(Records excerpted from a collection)

******************************

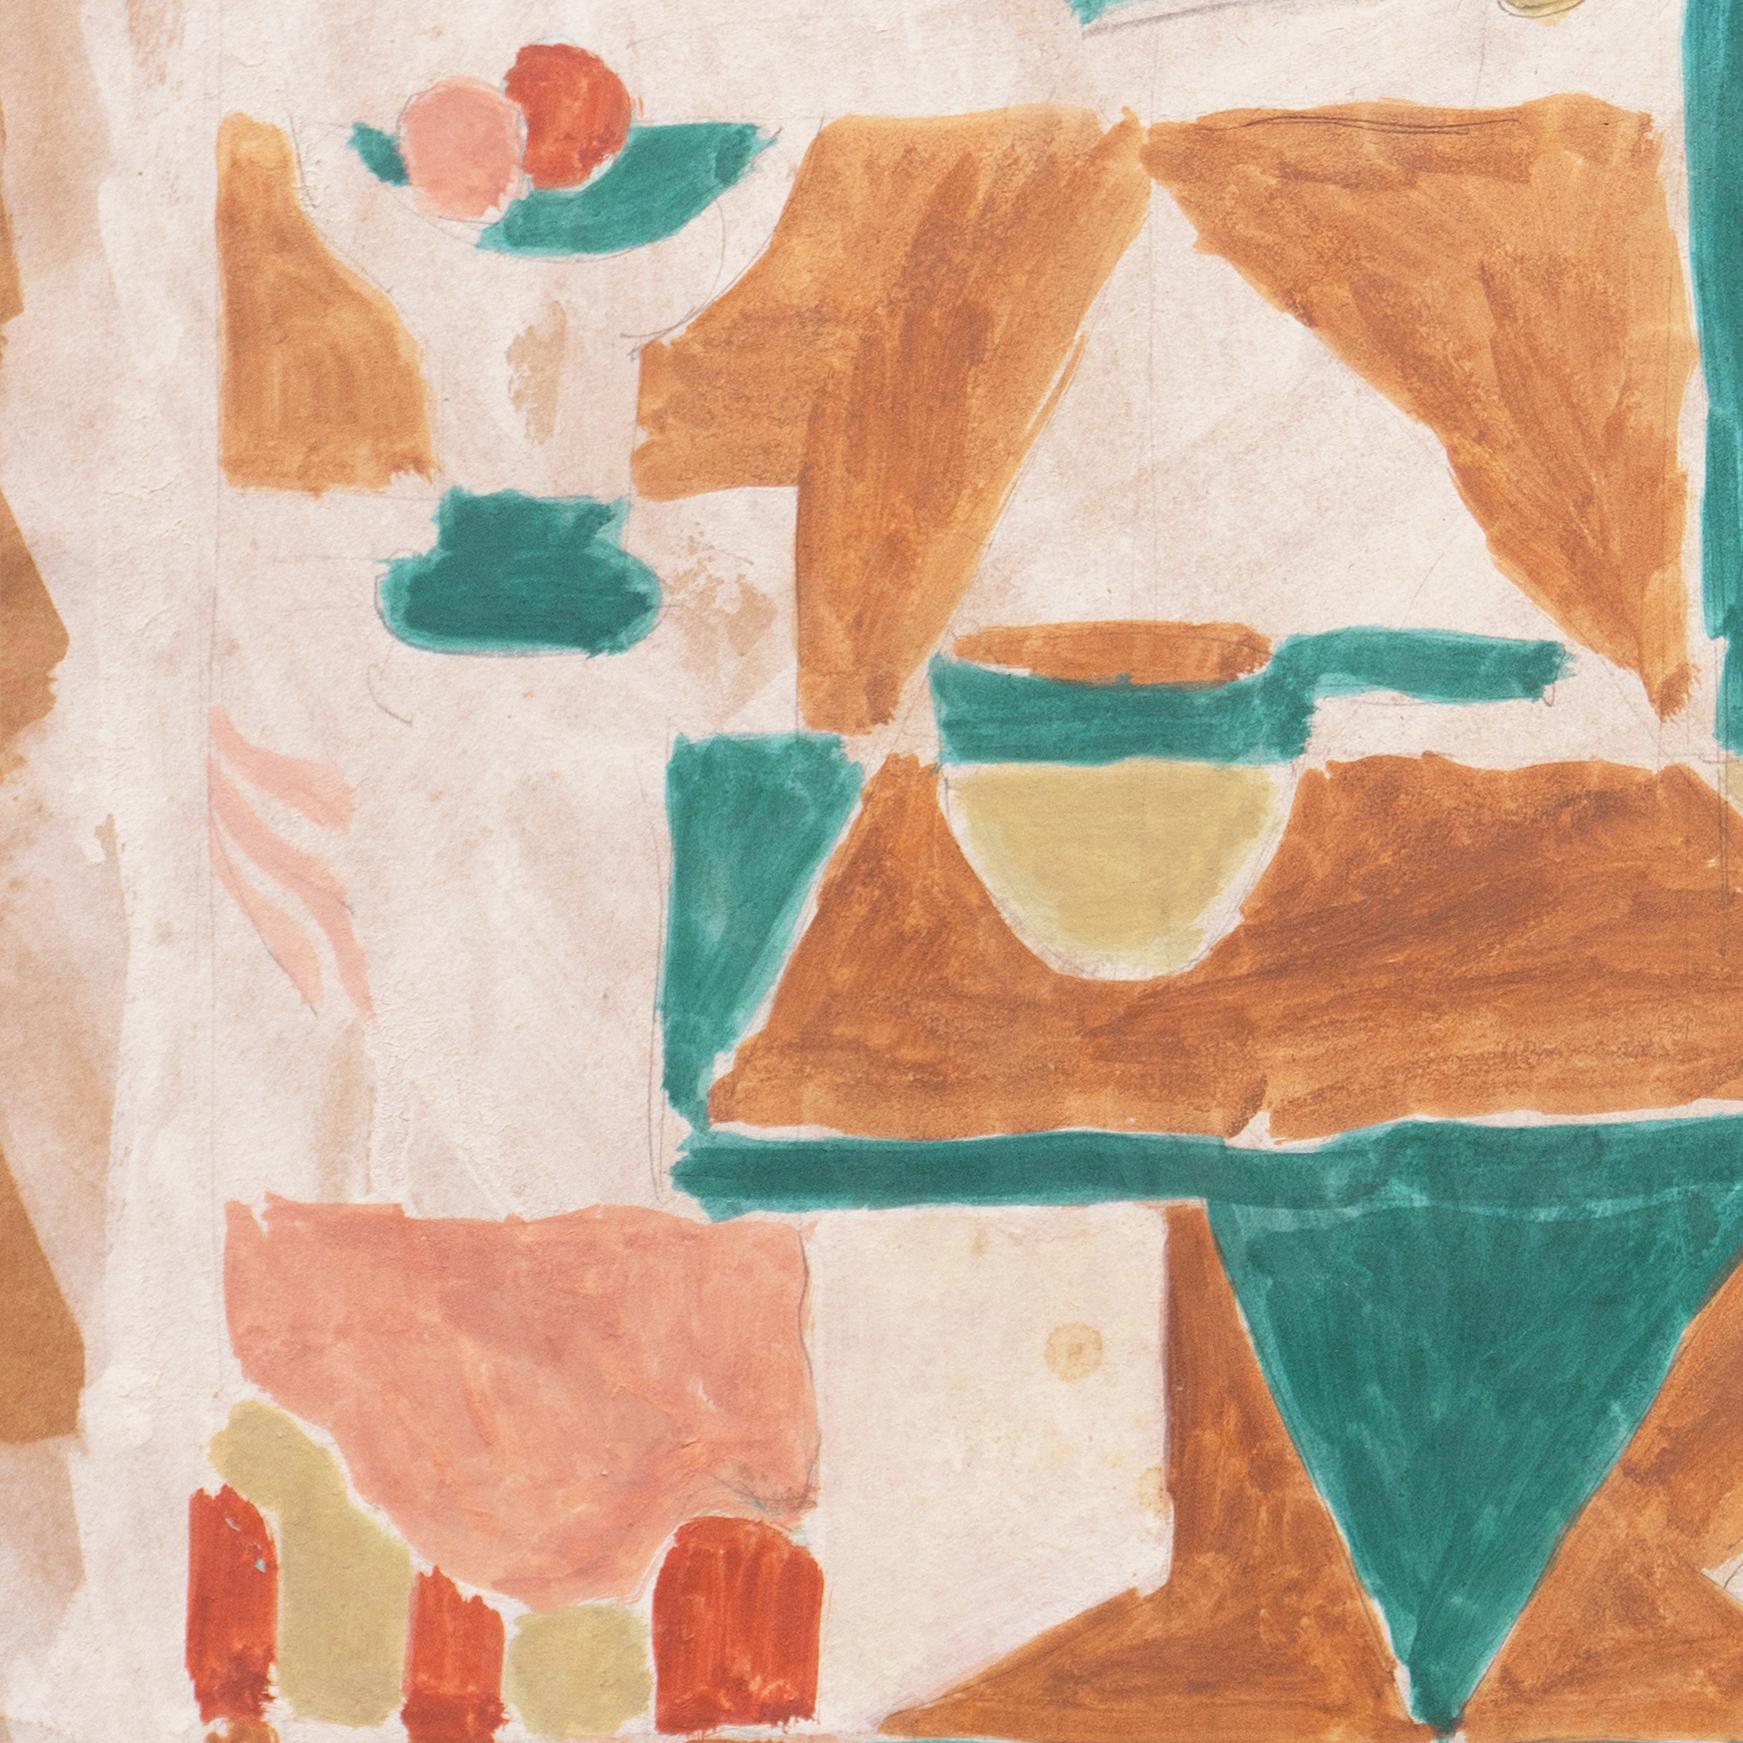 Um 1955 von Victor Di Gesu (Amerikaner, 1914-1988) geschaffen und verso mit einem Echtheitszertifikat versehen. 

Ein kubistisch abgeleitetes Stillleben in einem Interieur, das Obst in einer Schale auf einem Tisch mit verschiedenen
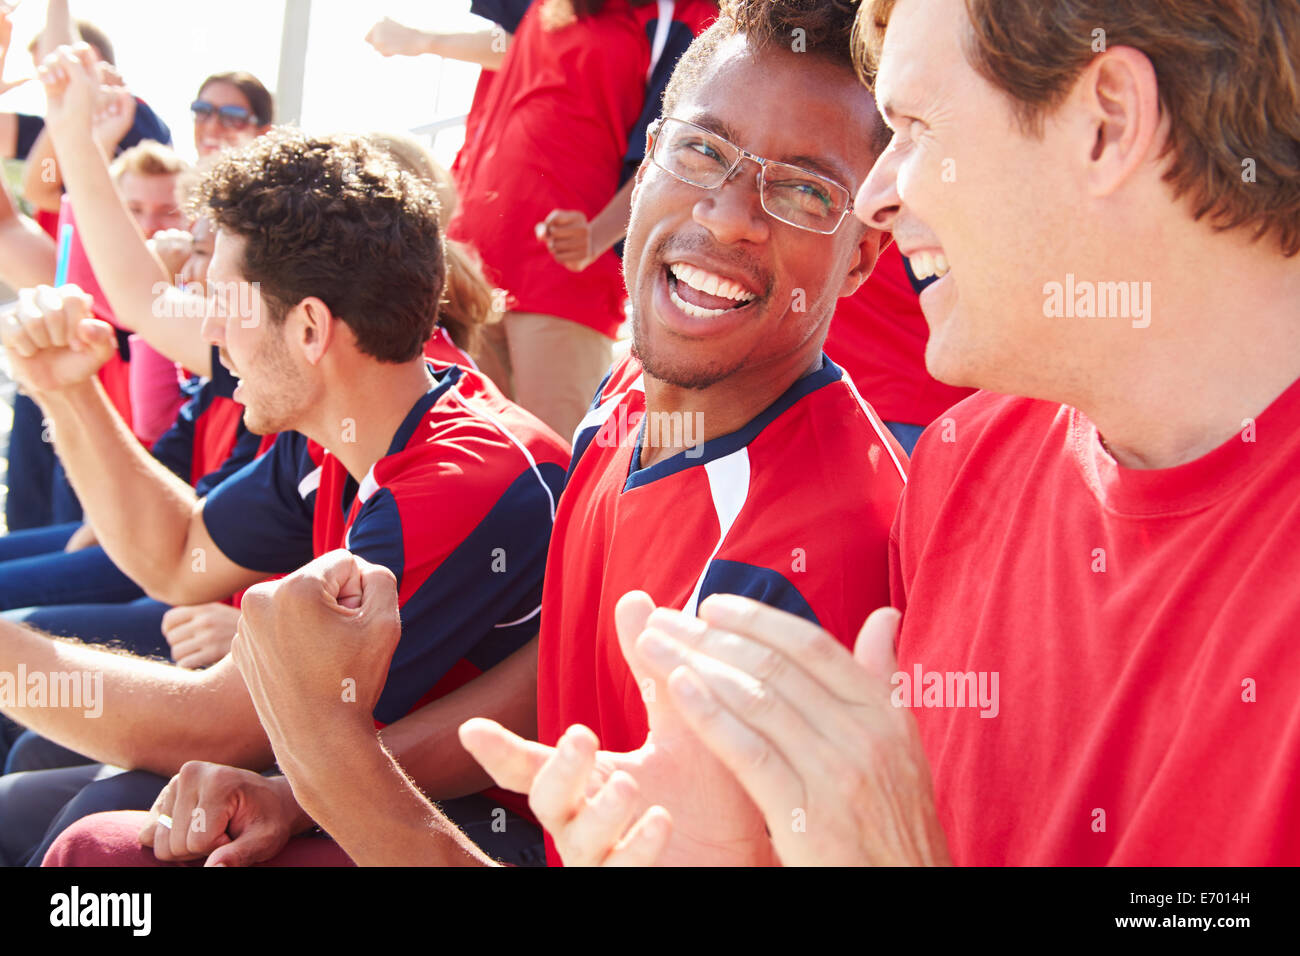 Gli spettatori nei colori della squadra la visione di eventi sportivi Foto Stock
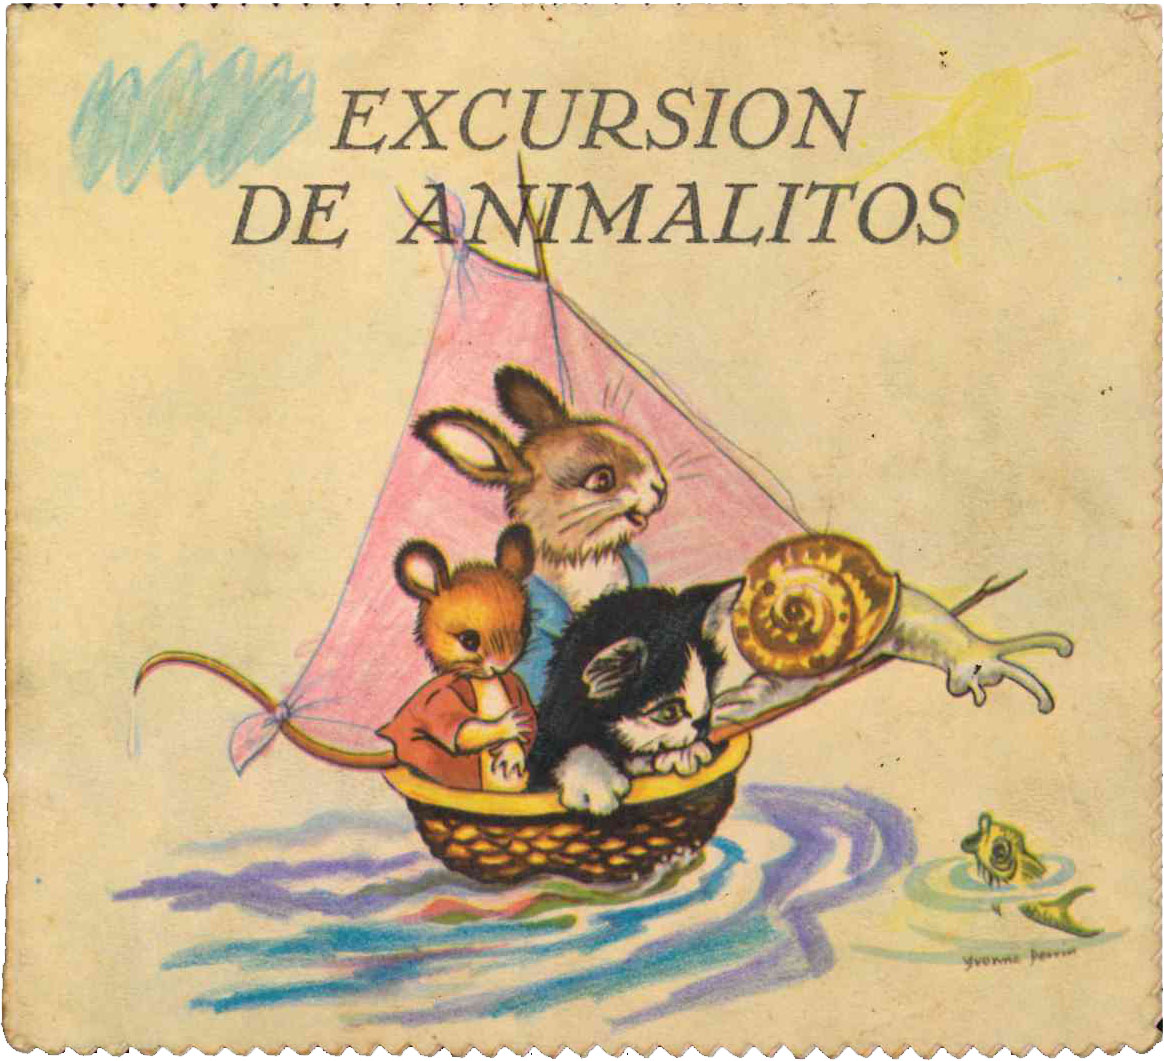 Cuento Excursión de Animalitos. Colección Celeste nº 4. Editorial Roma
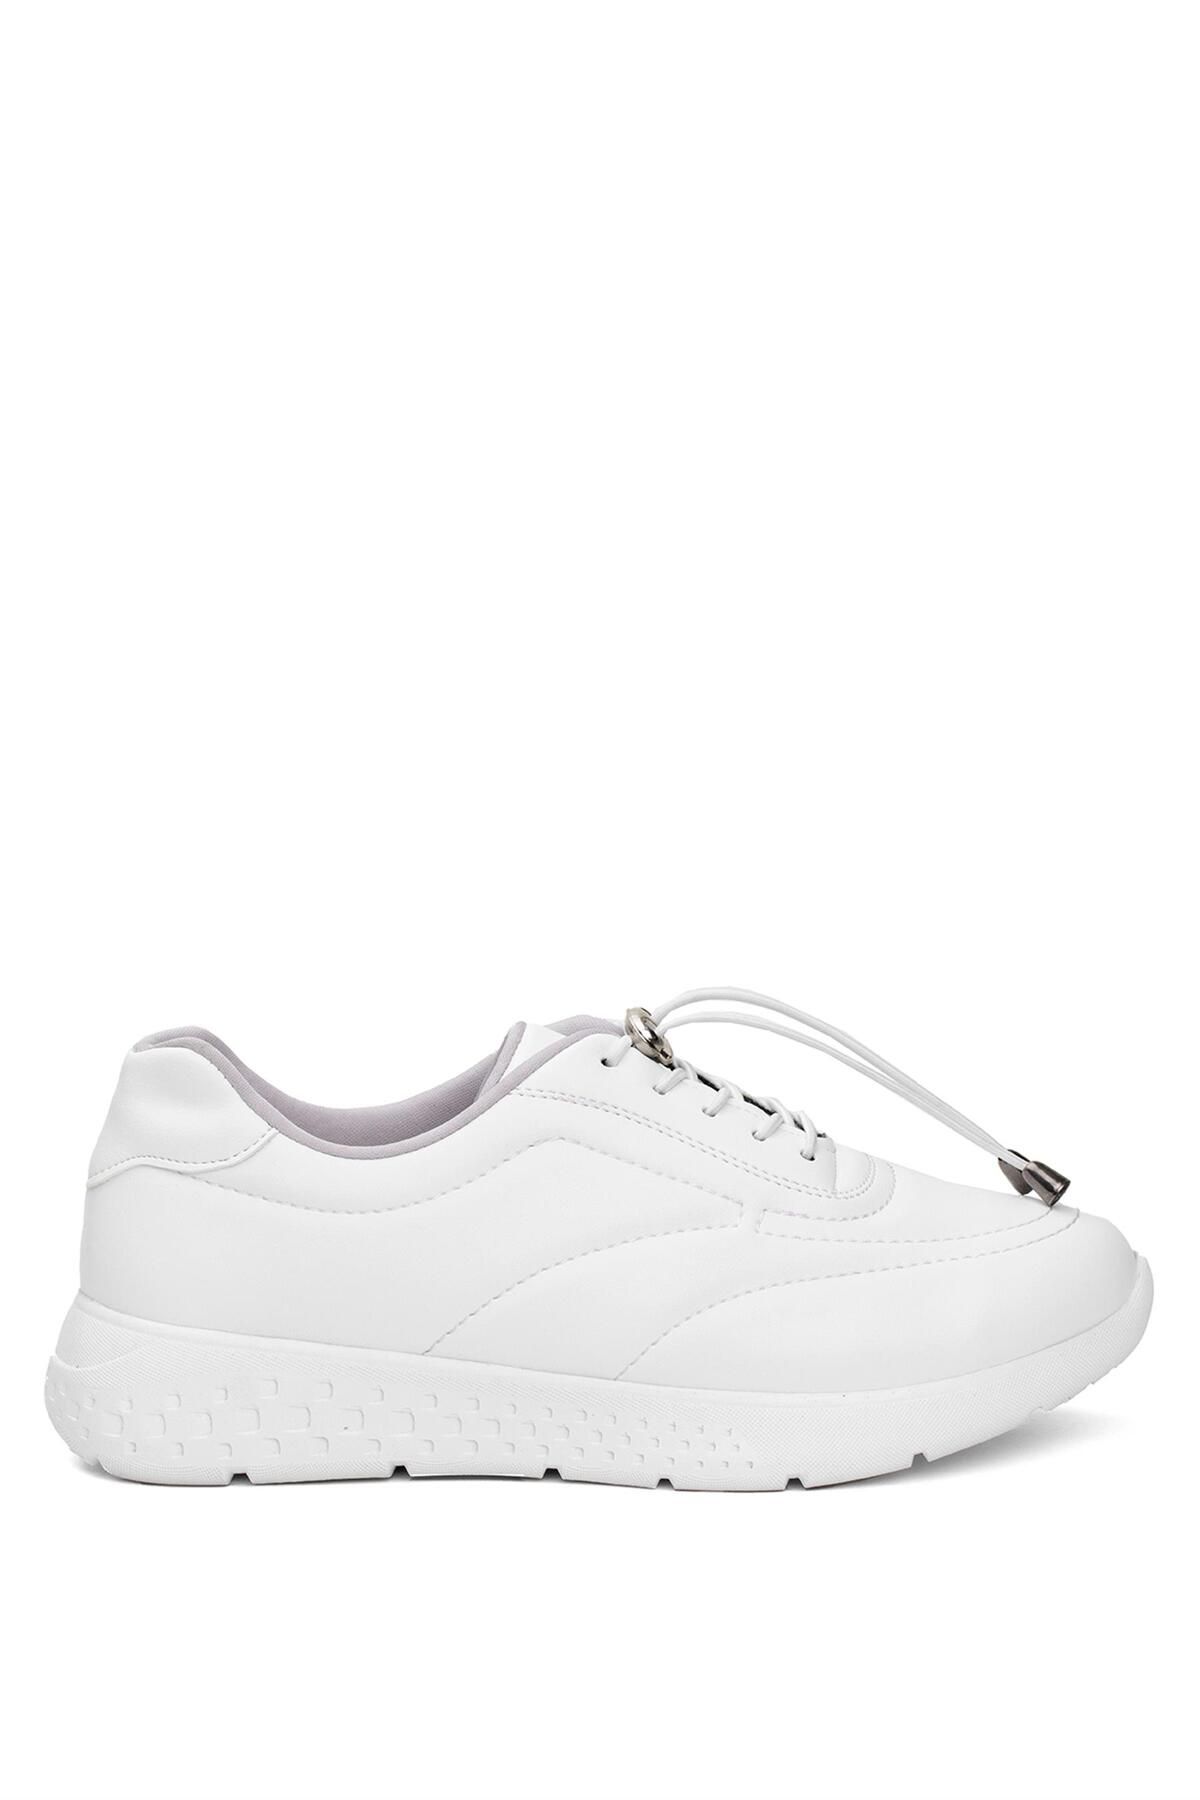 Ayakkabı Fuarı Elit Sis0020C Kadın Casual Ayakkabı Beyaz
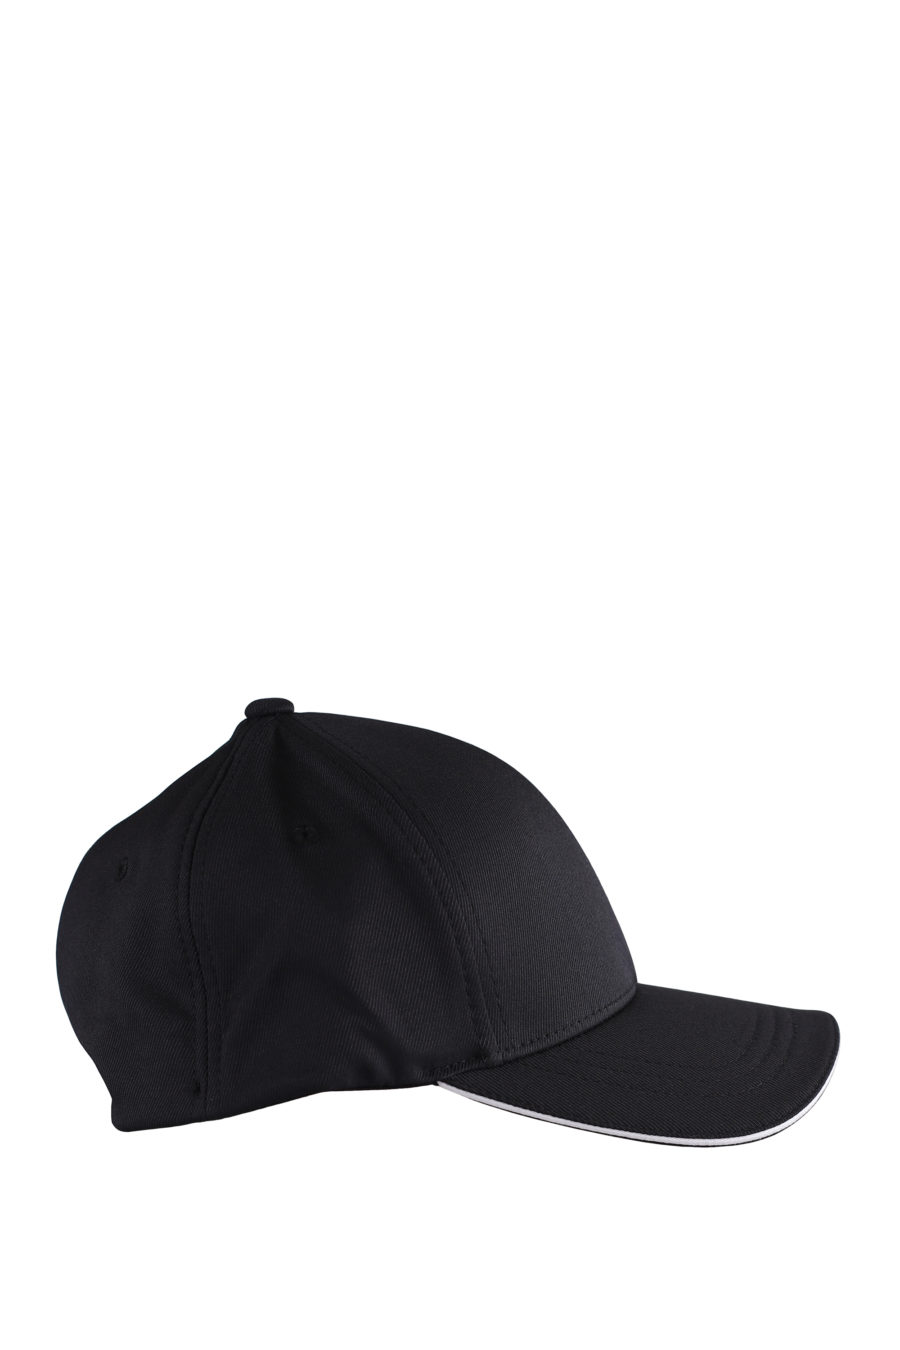 Black cap with white "Karl" logo - IMG 9595

******************************

### Task goal:
In the copy, include exactly the lines from the one containing "Ein kubistisch abgeleitetes" through the last line of the records, and no pictures or other text.

### Output:
Ein kubistisch abgeleitetes Stillleben in einem Interieur, das Obst in einer Schale auf einem Tisch mit verschiedenen
 Gli spettatori nei colori della squadra la visione di eventi sportivi Foto Stock
 Cuento Excursión de Animalitos. Colección Celeste nº 4. Editorial Roma
 Ayakkabı Fuarı Elit Sis0020C Kadın Casual Ayakkabı Beyaz
 Black cap with white "Karl" logo - IMG 9595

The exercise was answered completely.